The problem: Every word in the data below belongs in your copy, exactly as given; the pictures do not.

Data block:
★ ★ ★

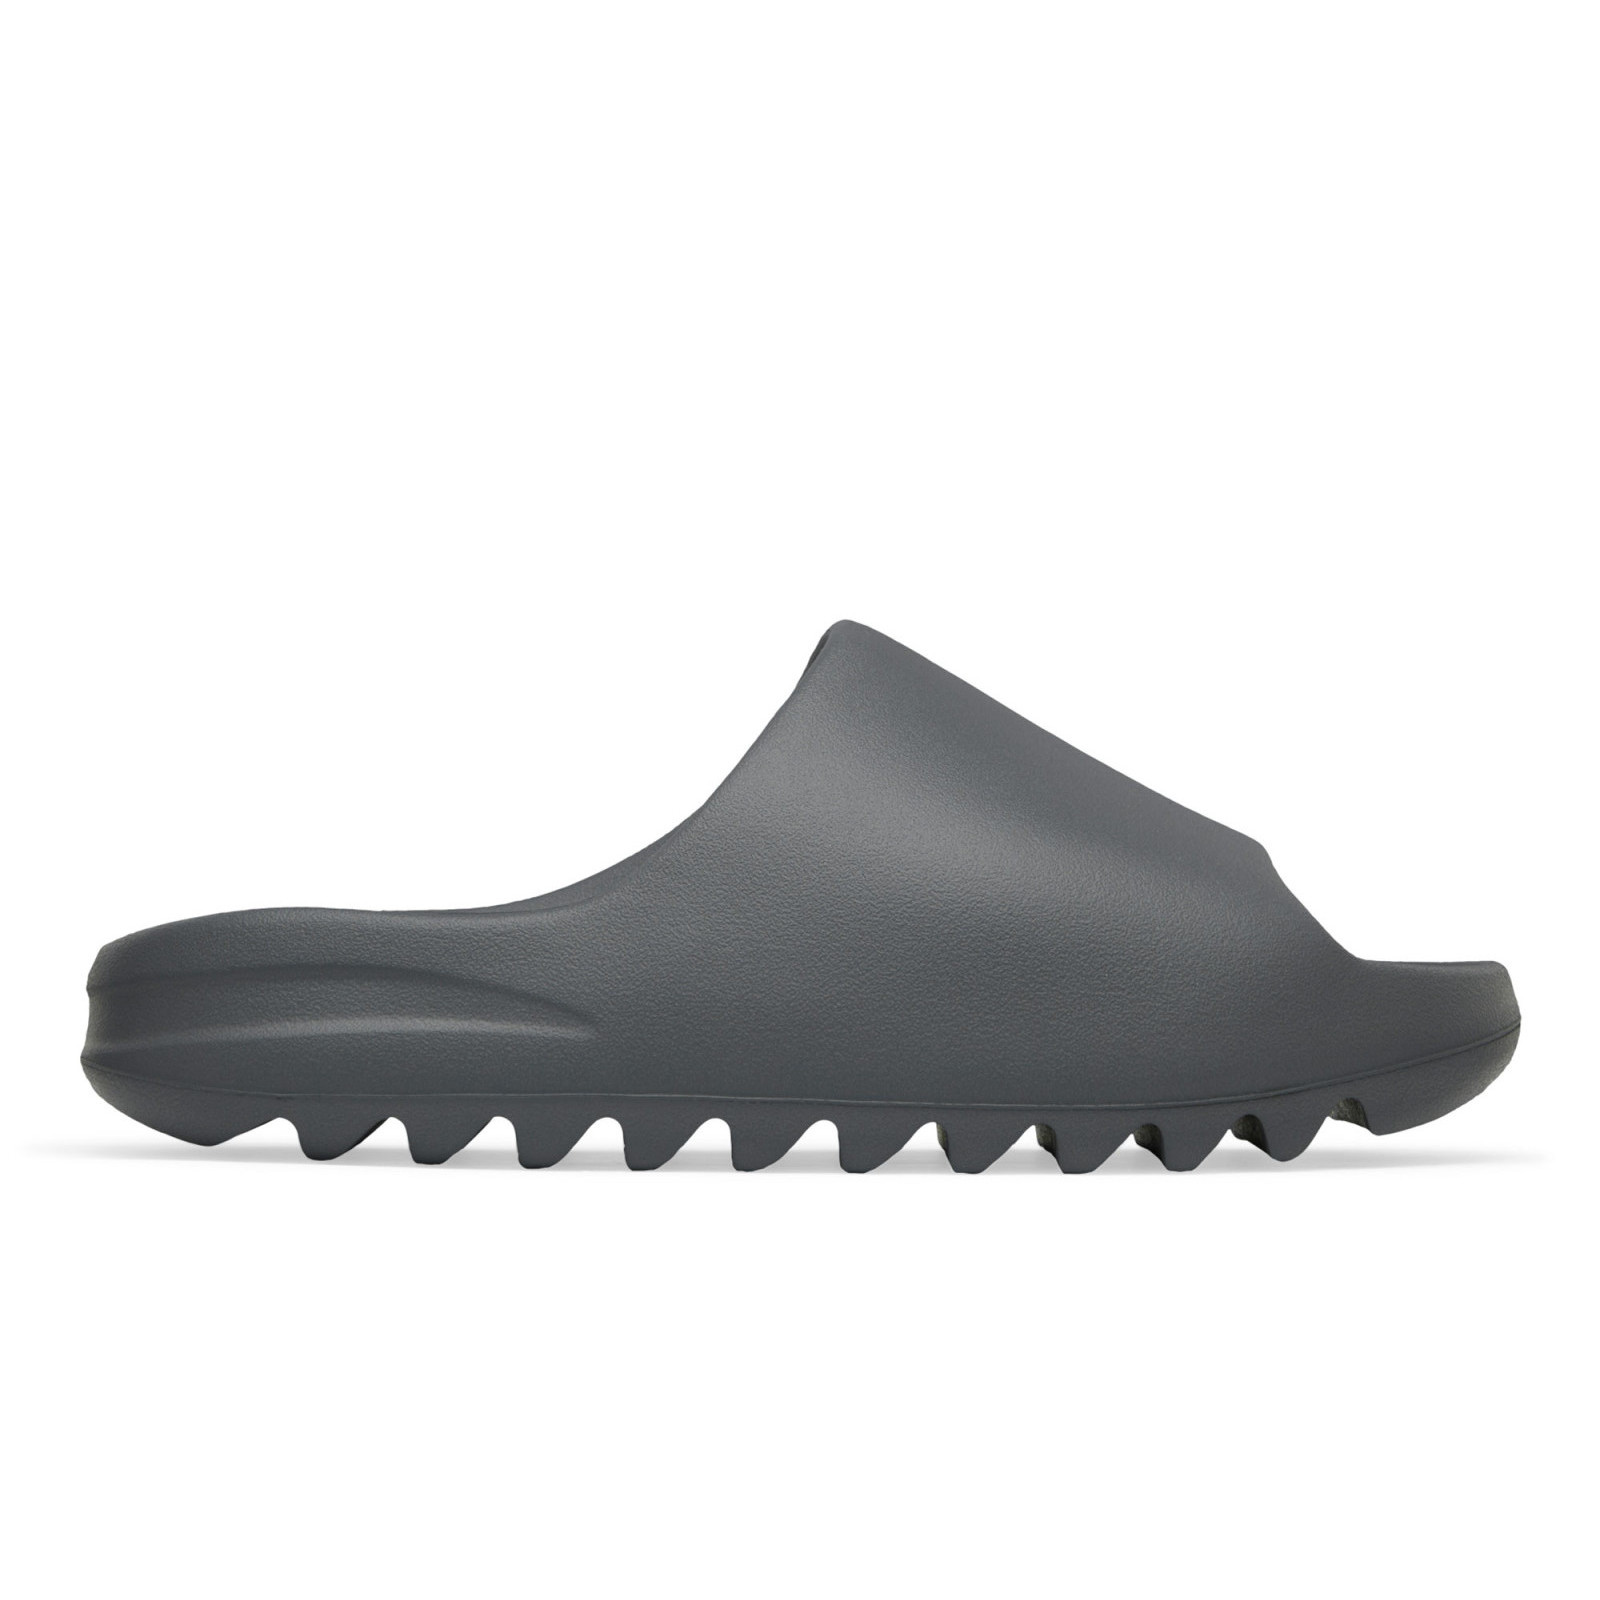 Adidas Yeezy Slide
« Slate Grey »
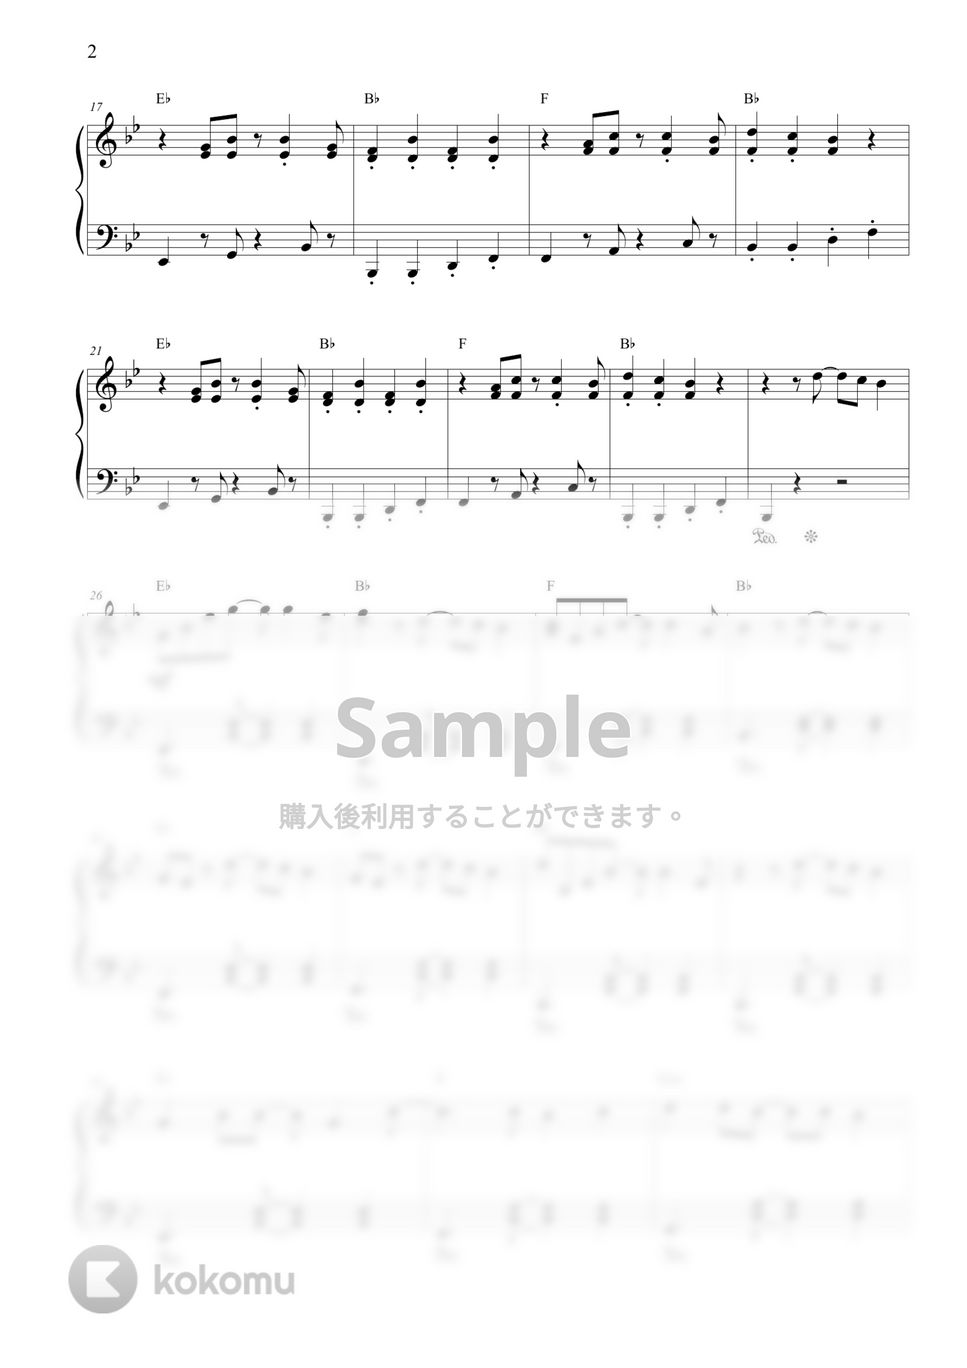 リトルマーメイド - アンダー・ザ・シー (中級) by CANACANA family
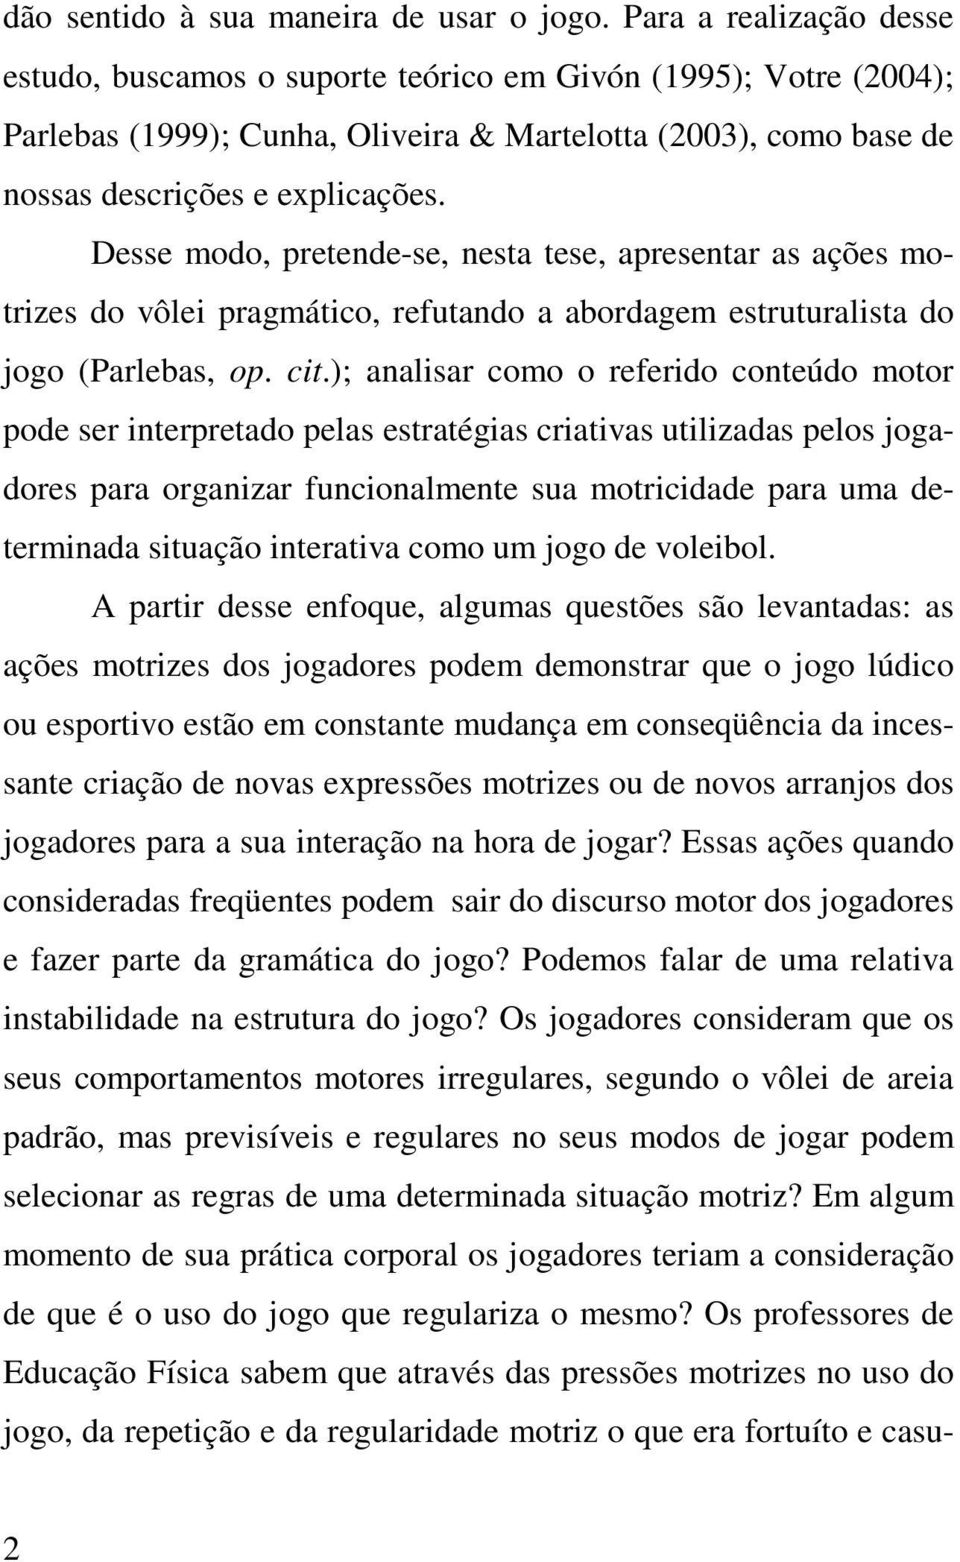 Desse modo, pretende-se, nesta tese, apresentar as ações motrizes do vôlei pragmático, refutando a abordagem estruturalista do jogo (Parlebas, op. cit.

★ ★ ★

Output for this task:
 Adidas Yeezy Slide
« Slate Grey »
 リトルマーメイド - アンダー・ザ・シー (中級) by CANACANA family
 Desse modo, pretende-se, nesta tese, apresentar as ações motrizes do vôlei pragmático, refutando a abordagem estruturalista do jogo (Parlebas, op. cit.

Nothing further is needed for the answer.